I've been working up my answer to Is there a standard Scala function for running a block with a timeout?, and have run into a problem if an exception is thrown in a Future.
def runWithTimeout[T](timeoutMs: Long)(f: => T) : Option[T] = {
awaitAll(timeoutMs, future(f)).head.asInstanceOf[Option[T]]
}
这样
runWithTimeout(50) { "result" } should equal (Some("result"))
runWithTimeout(50) { Thread.sleep(100); "result" } should equal (None)
但是如果我在我的块中抛出异常,它不会泄漏,而是被吞下 - 因此以下失败并显示..没有抛出异常"

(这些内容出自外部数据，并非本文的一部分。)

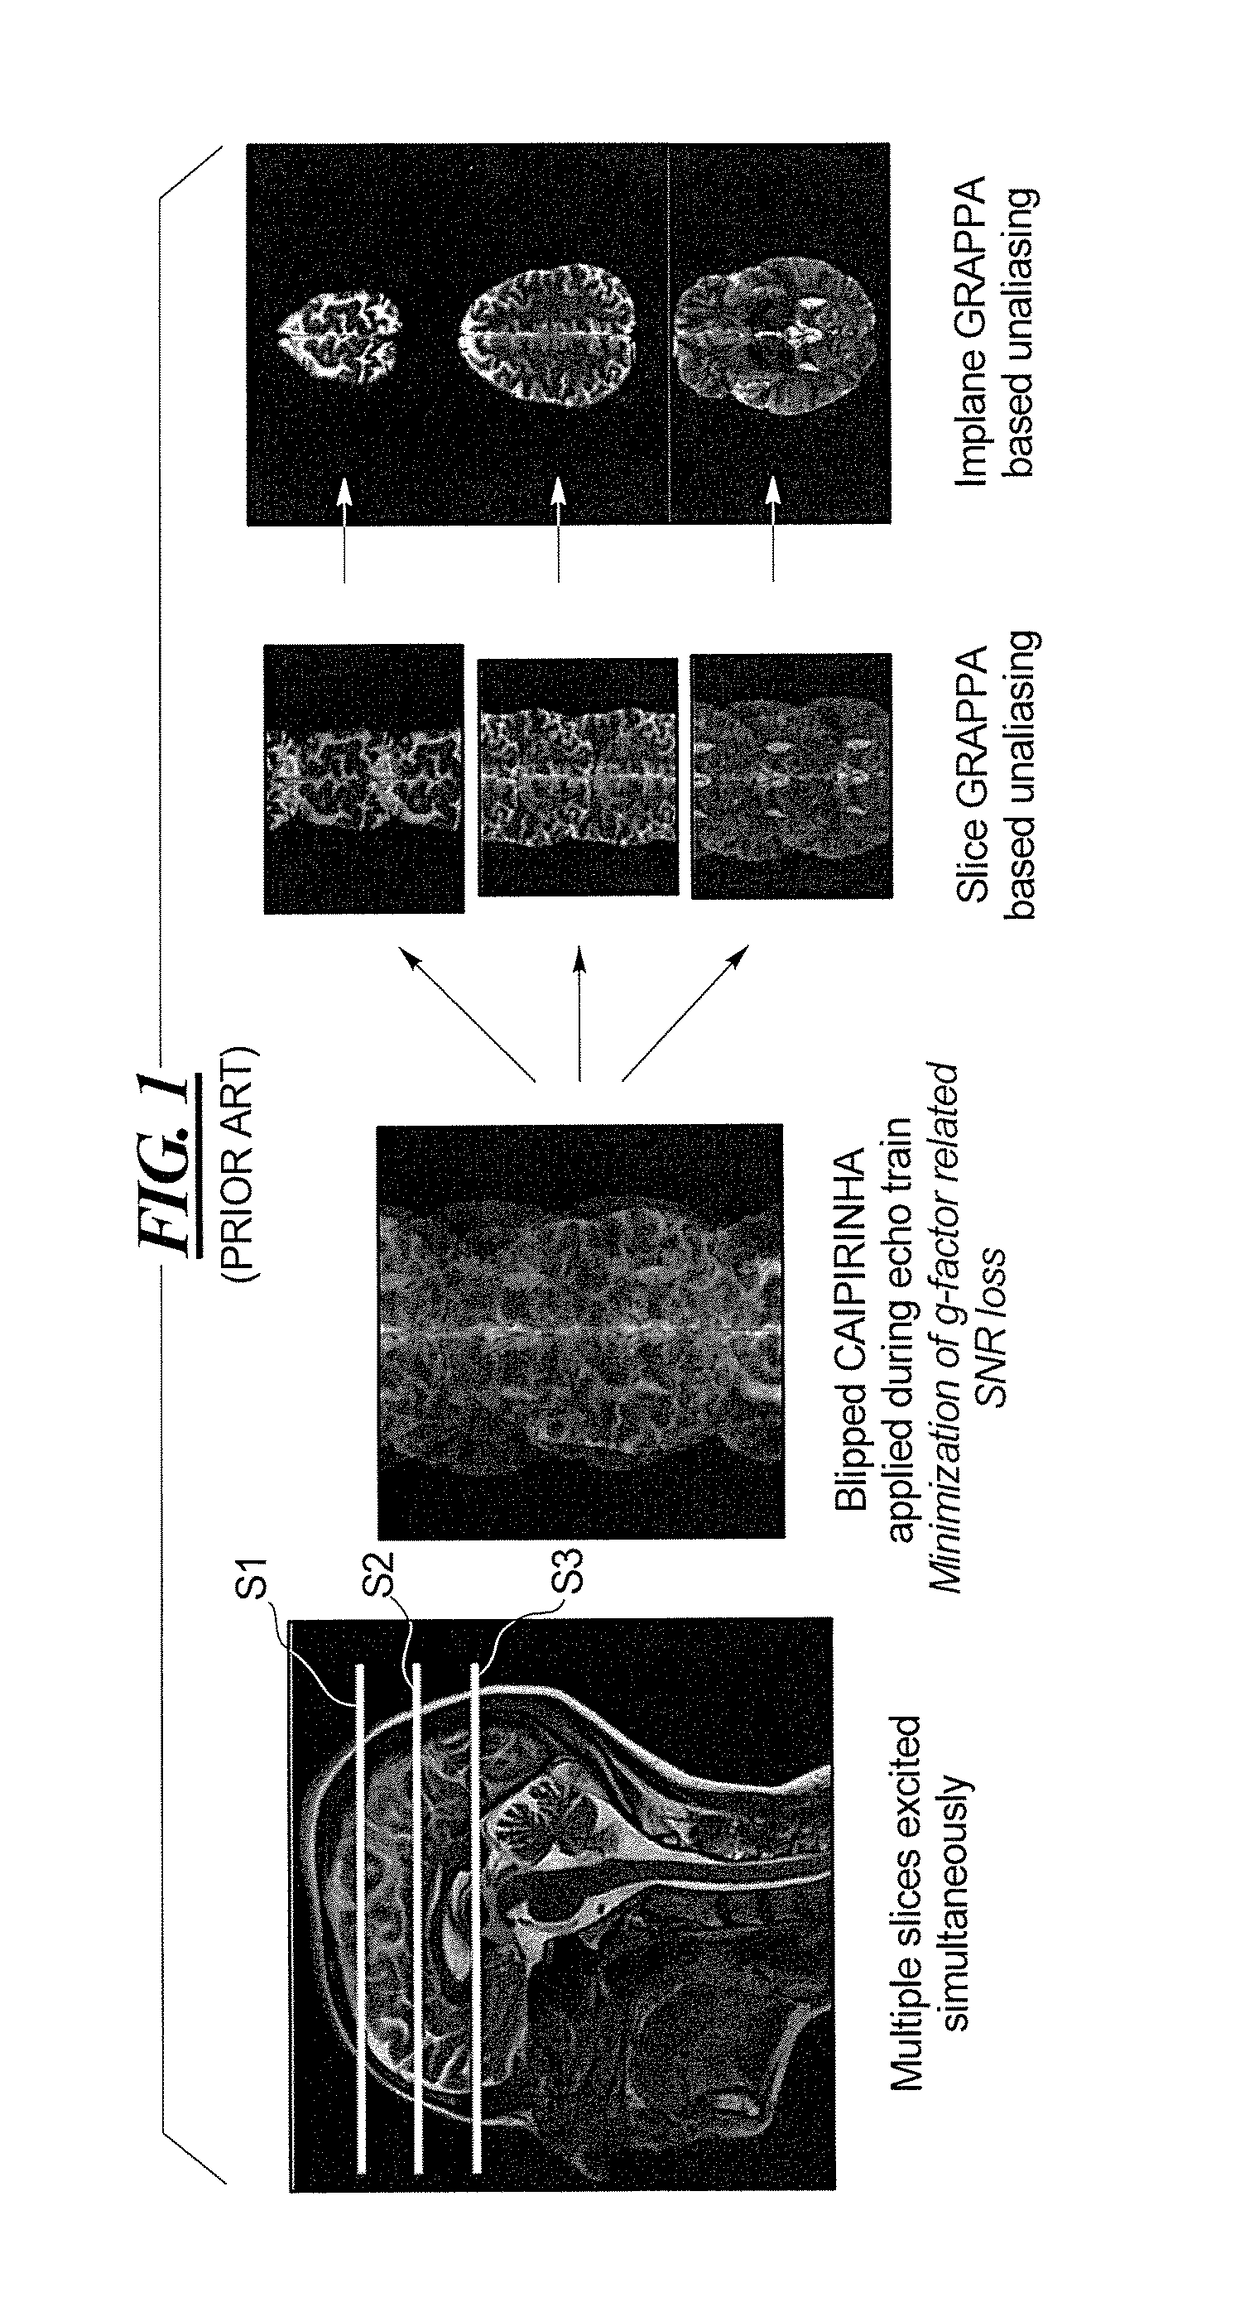 Simultaneous multi-slice magnetic resonance imaging with spin excitation using a multi-band radio-frequency pulse
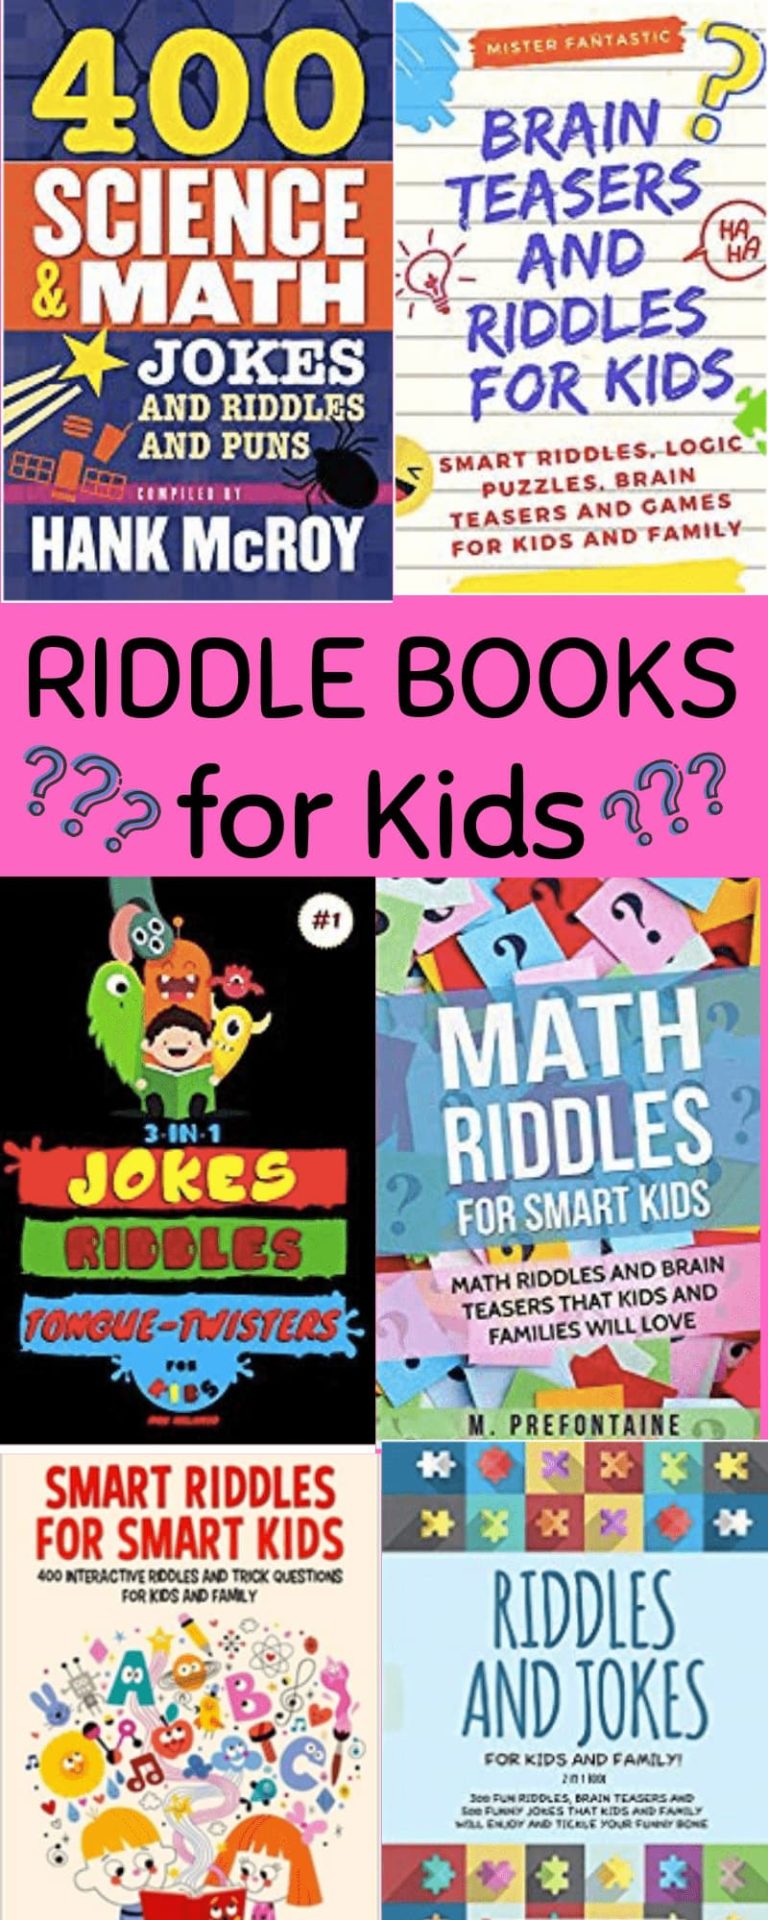 riddle books infographic

But if I throw an exception in my block it doesn't leak, but is swallowed - so that the following fails with "..no exception was thrown"
intercept[Exception] {
runWithTimeout(50) { throw new Exception("deliberate") }
}.getMessage should equal("deliberate")
Syserr 有一个带有消息的堆栈跟踪
Syserr has a stack trace with the message
<function0>: caught java.lang.Exception: deliberate
但我在 Scala 运行时中找不到打印的位置.
but I can't find where in the Scala runtime that is printed.
除了将 f 包装在另一个块中以捕获异常并在抛出时传播它们,还有什么方法可以说服 awaitAll 和/或 Future 抛出?
Apart from wrapping f in another block which catches exceptions and propagates them if thrown, is there any way to persuade awaitAll and/or Future to throw?
推荐答案
简短回答:否.
当您在线程上下文中工作时,异常不会做您想做的事,因为您想知道调用者中的异常,而异常发生在未来的线程中.
Exceptions don't do what you want when you're working in a threaded context, because you want to know about the exception in the caller, and the exception happens in the future's thread.
相反,如果你想知道异常是什么,你应该返回一个Either[Exception,WhatYouWant]
——当然,你必须在未来捕捉到那个异常并打包.
Instead, if you want to know what the exception was, you should return an Either[Exception,WhatYouWant]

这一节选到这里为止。